## [WHAT IS EXPECTED]
Only the lines below from the one that holds "Socialinis, Prieigos Teisės" through the one that holds "geweldige ideeën beginnen" should appear in the answer, copied exactly, end lines included and pictures omitted.

## [DATA]
---

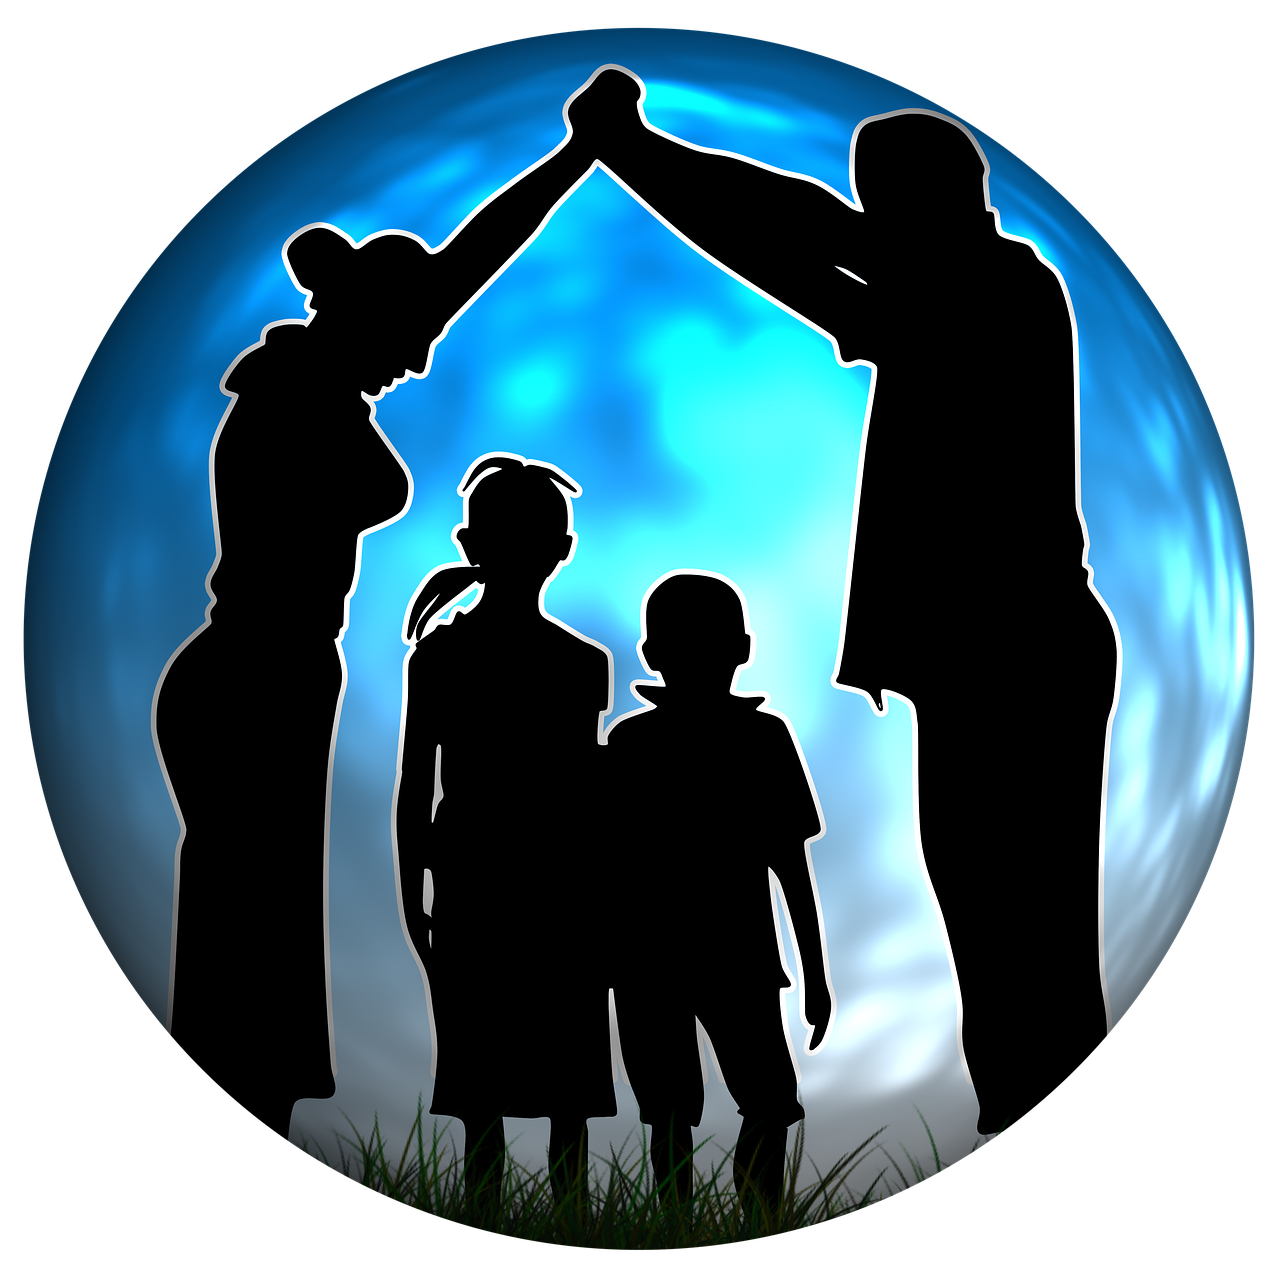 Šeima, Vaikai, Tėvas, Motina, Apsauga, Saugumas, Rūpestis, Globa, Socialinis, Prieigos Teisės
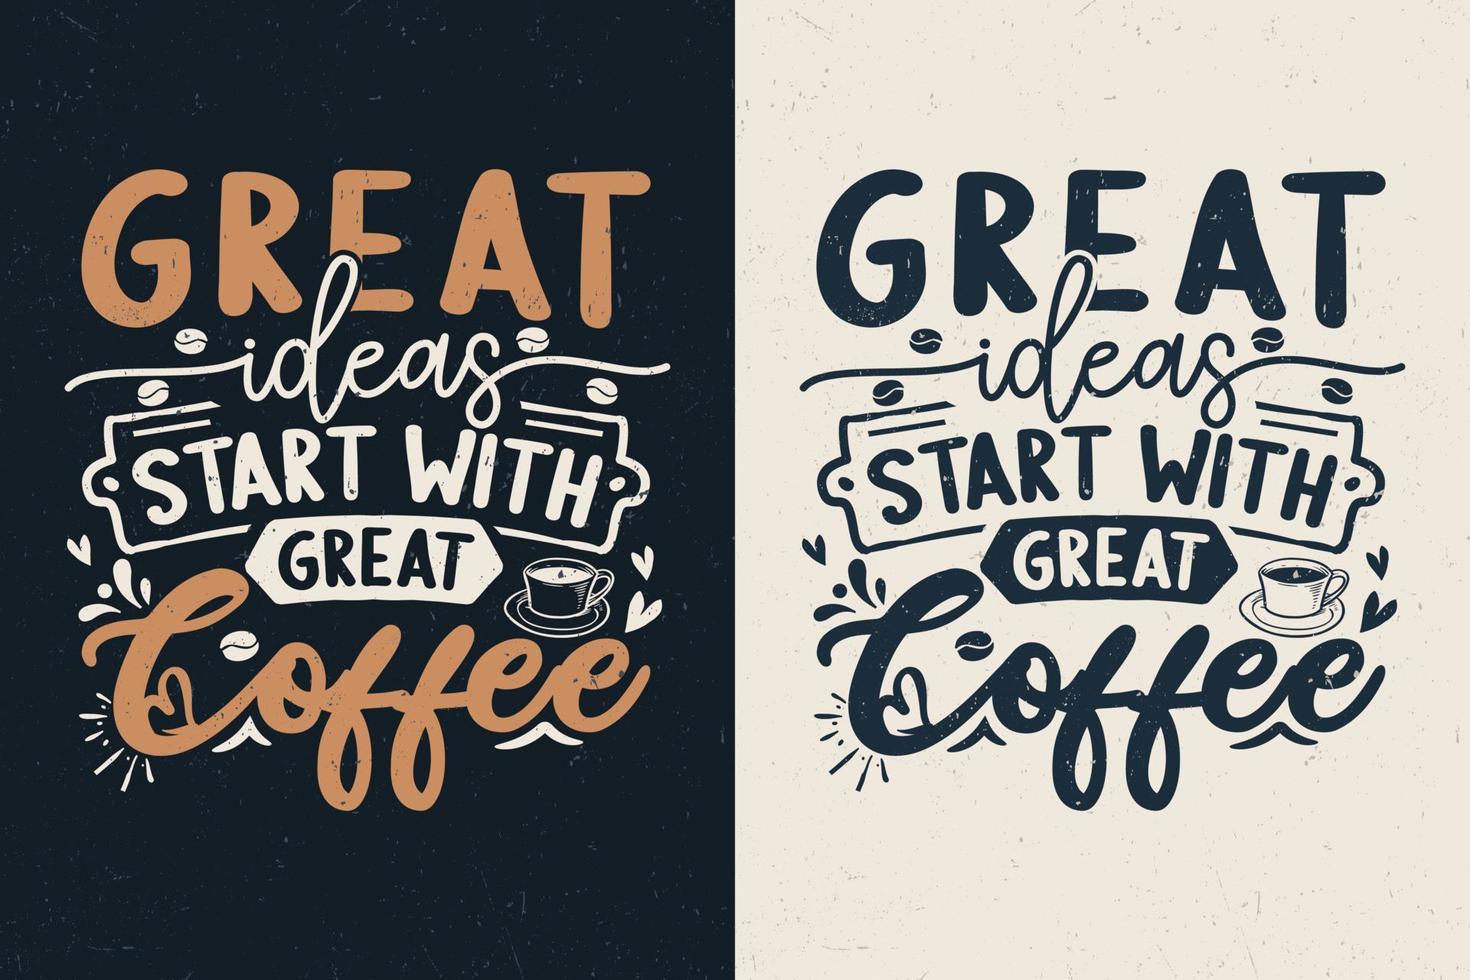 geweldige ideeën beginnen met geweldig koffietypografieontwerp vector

---

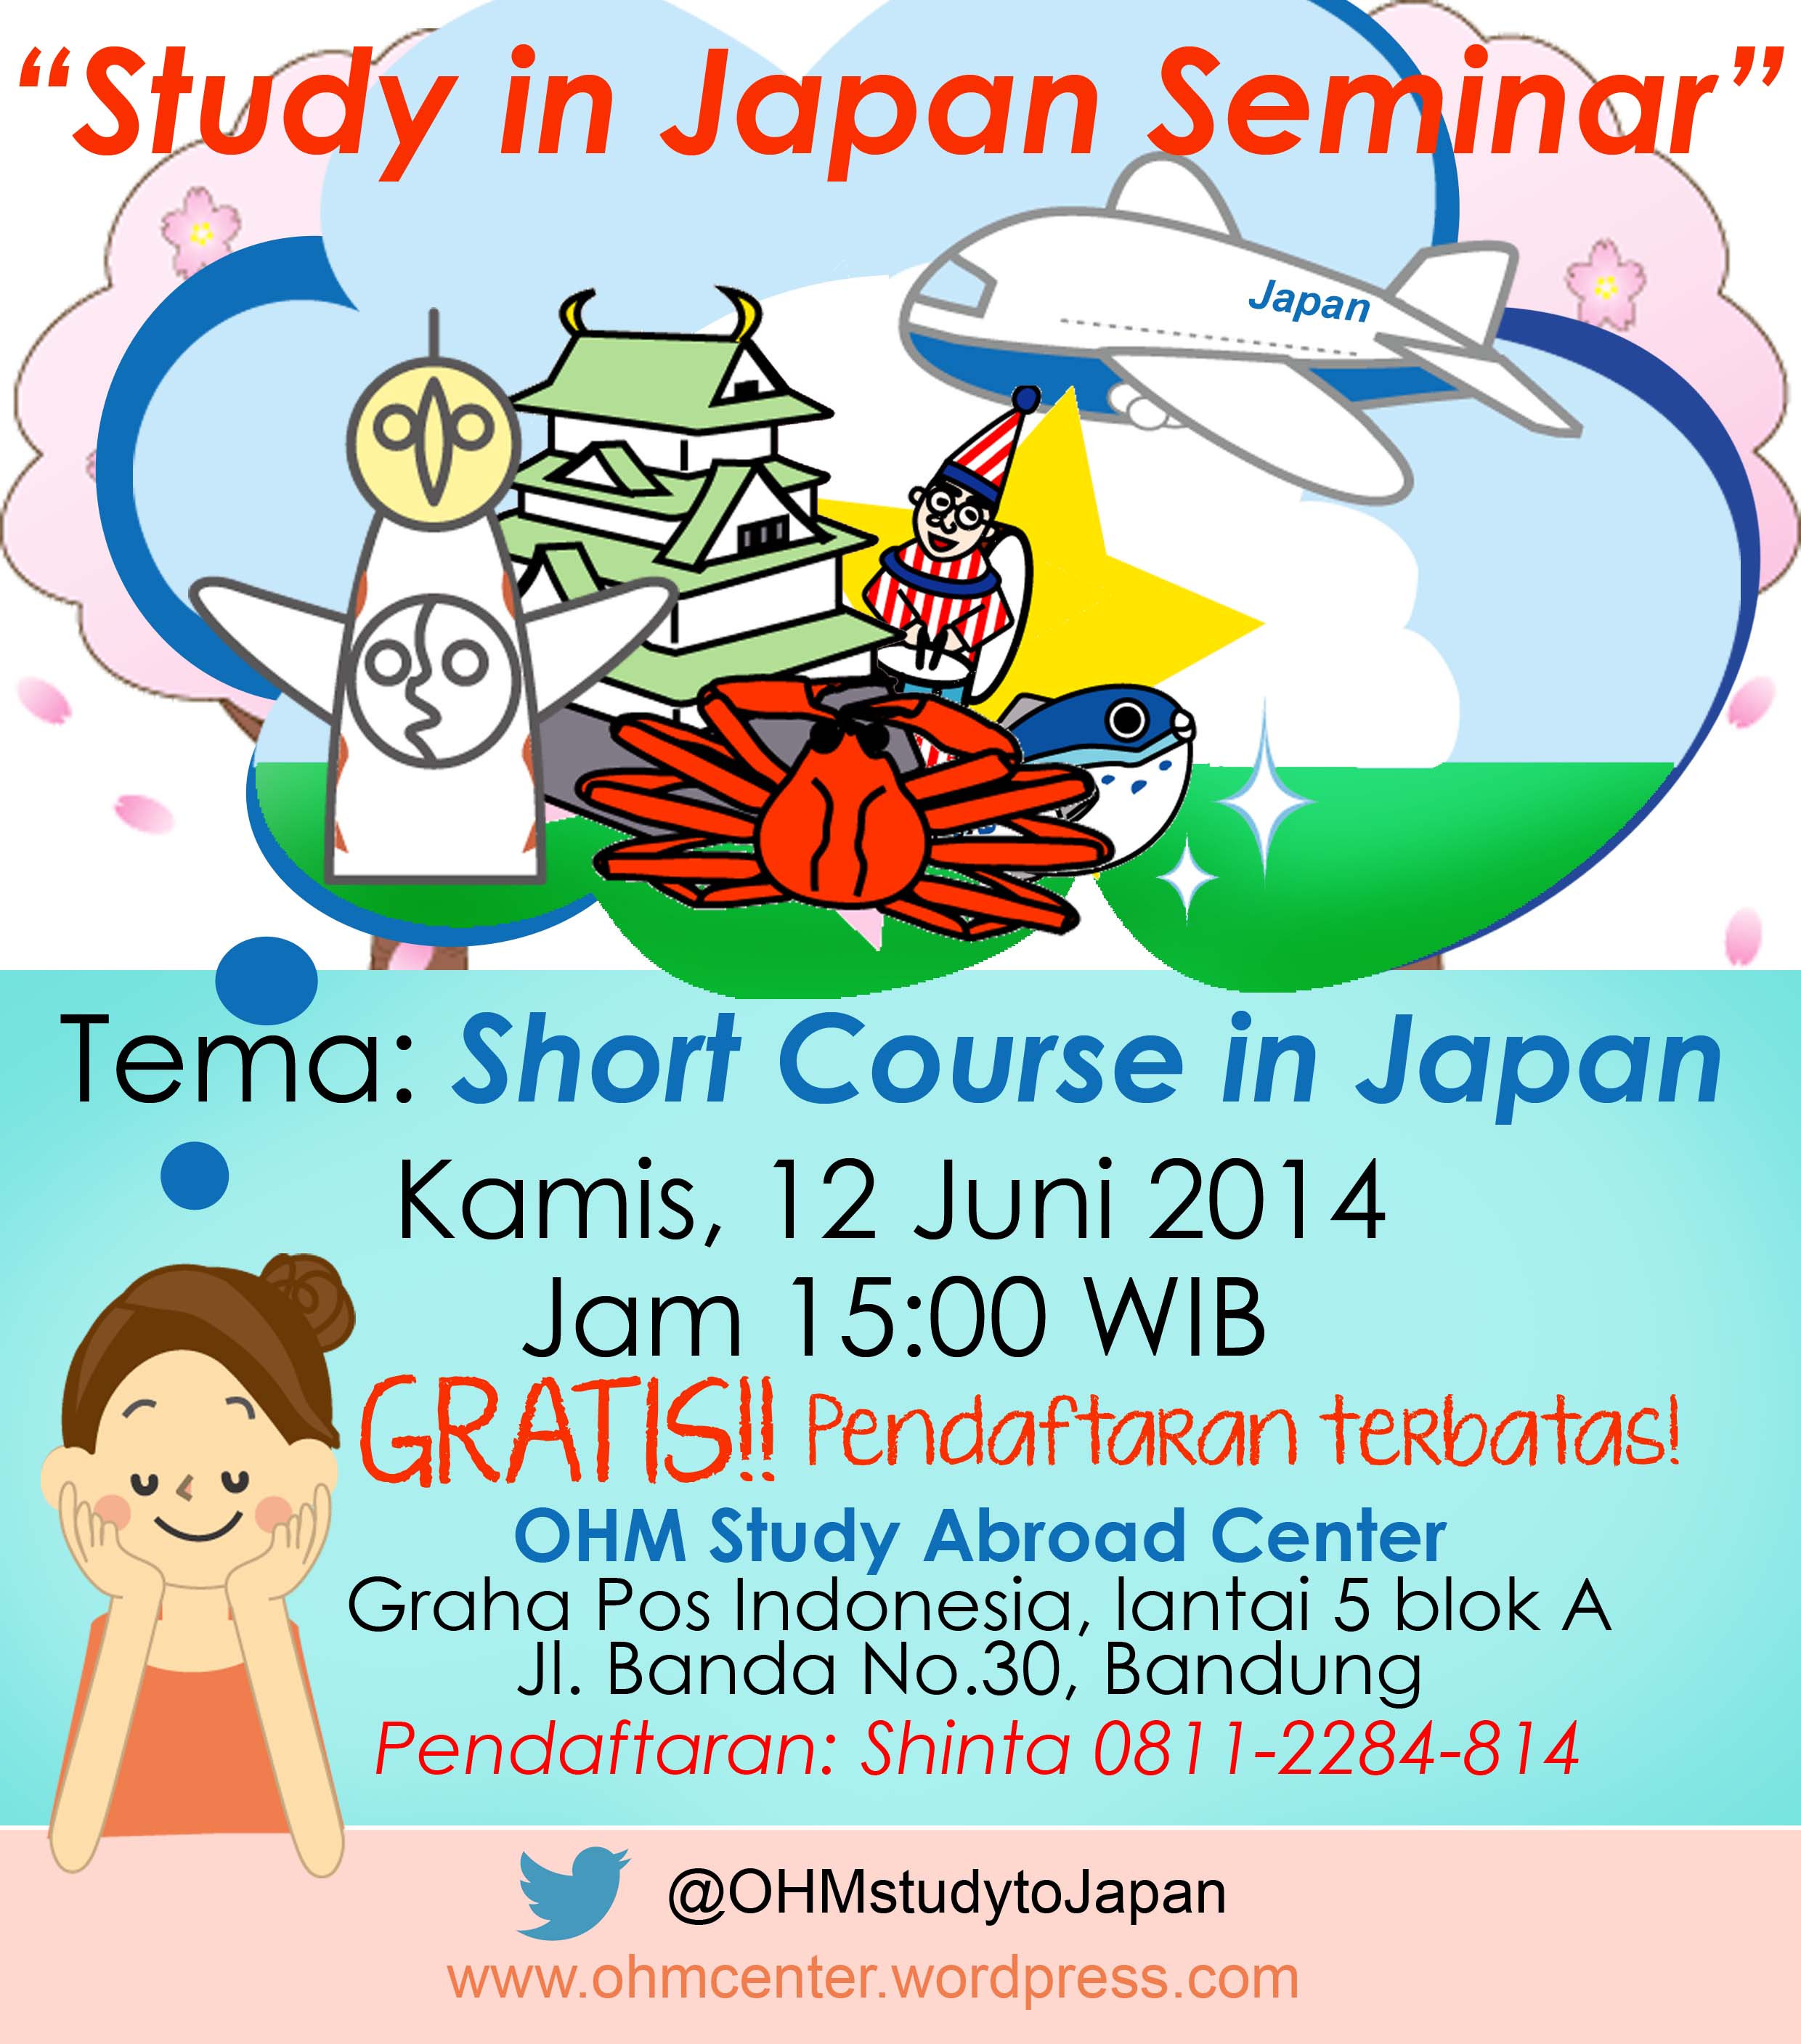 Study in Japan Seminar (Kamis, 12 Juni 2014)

---

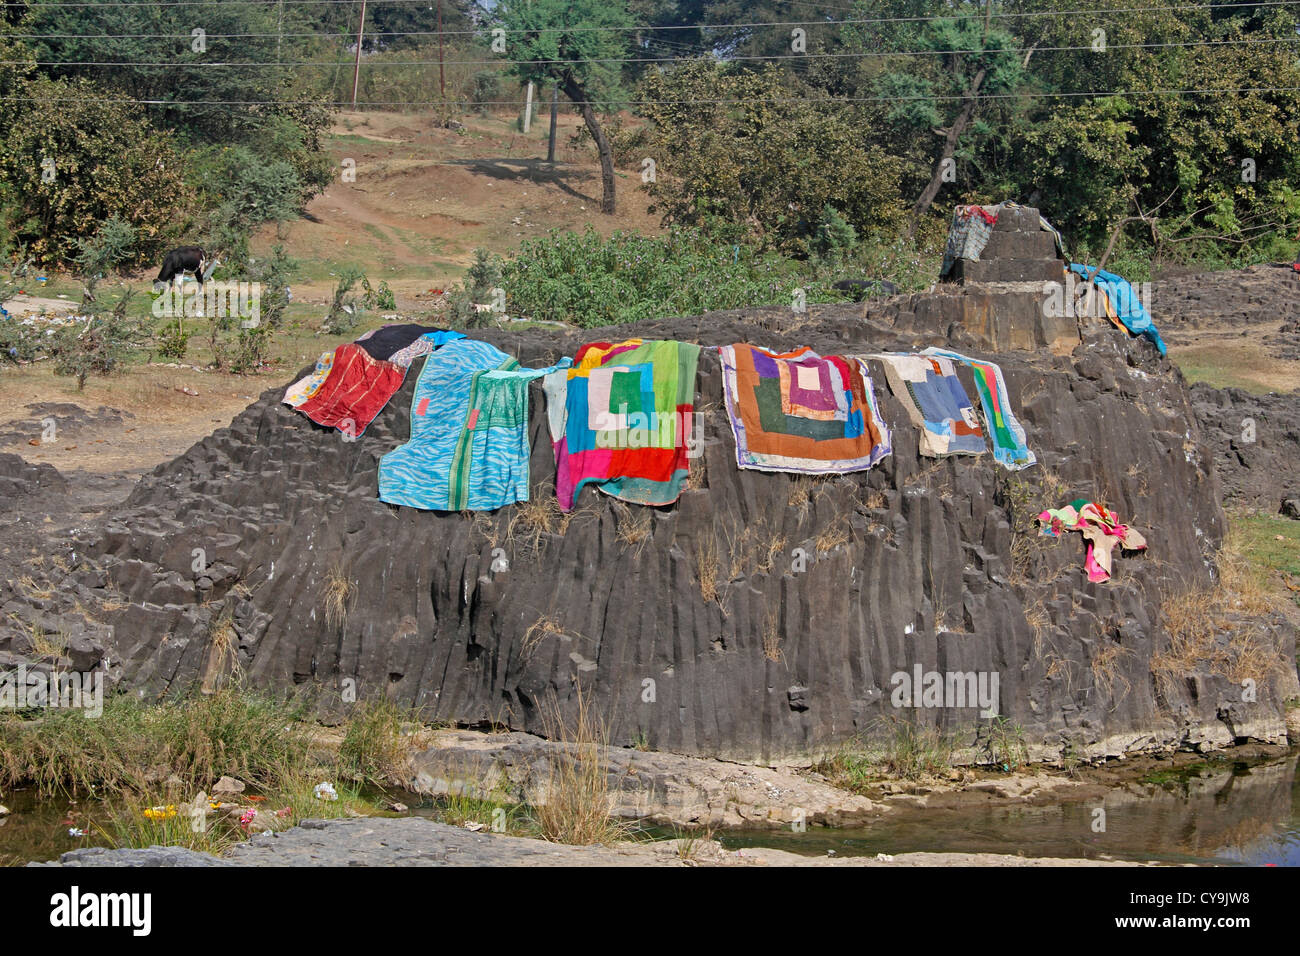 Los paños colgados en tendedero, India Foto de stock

---

## [EXERCISE OUTPUT]
 Šeima, Vaikai, Tėvas, Motina, Apsauga, Saugumas, Rūpestis, Globa, Socialinis, Prieigos Teisės
 geweldige ideeën beginnen met geweldig koffietypografieontwerp vector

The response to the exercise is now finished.